The first line of defense is to use the security mechanisms
provided by Ghostscript. If you're running arbitrary PostScript files
(for example, those sent through email or downloaded from the Web),
make sure to use the -dSAFER option. Otherwise, you are opening up
your entire filesystem to potentially malicious code.

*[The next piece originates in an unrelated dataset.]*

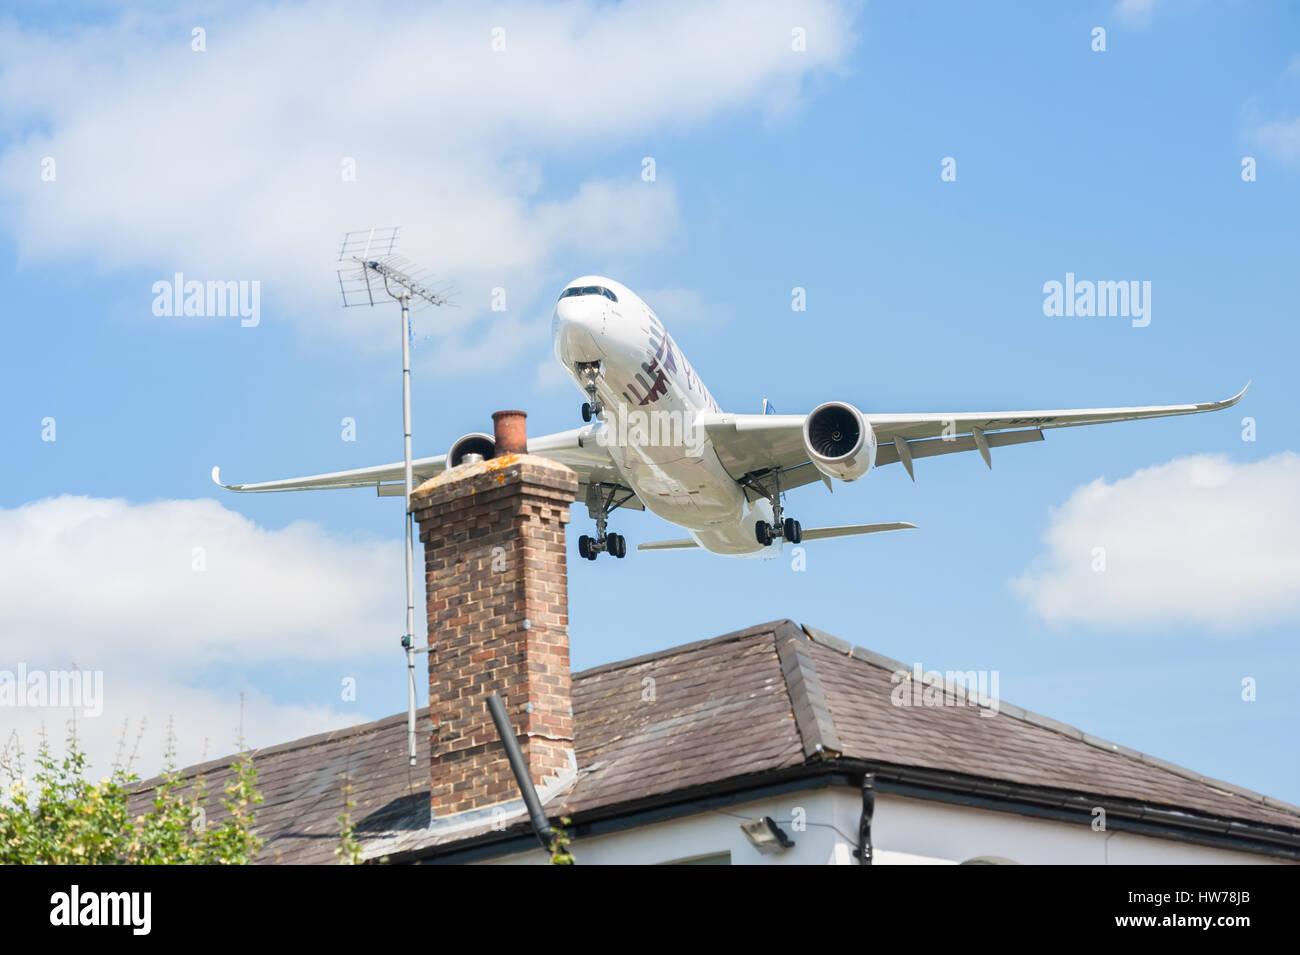 Qatar Airways Airbus A350 en el aterrizaje sobre los tejados para participar en el Salón Aeronáutico de Imagen De Stock

By default, Ghostscript opens up read access to the entire
filesystem. In general, if you're just viewing or printing documents,
this does not pose a significant security risk. However, if there is
a chance that the output of Ghostscript can leak sensitive information,
also set the -DPARANOIDSAFER option. Note, however, that this option
is incompatible with some scripts and wrappers, including gv and
related viewer apps.
We plan to make -dSAFER the default in future versions of Ghostscript.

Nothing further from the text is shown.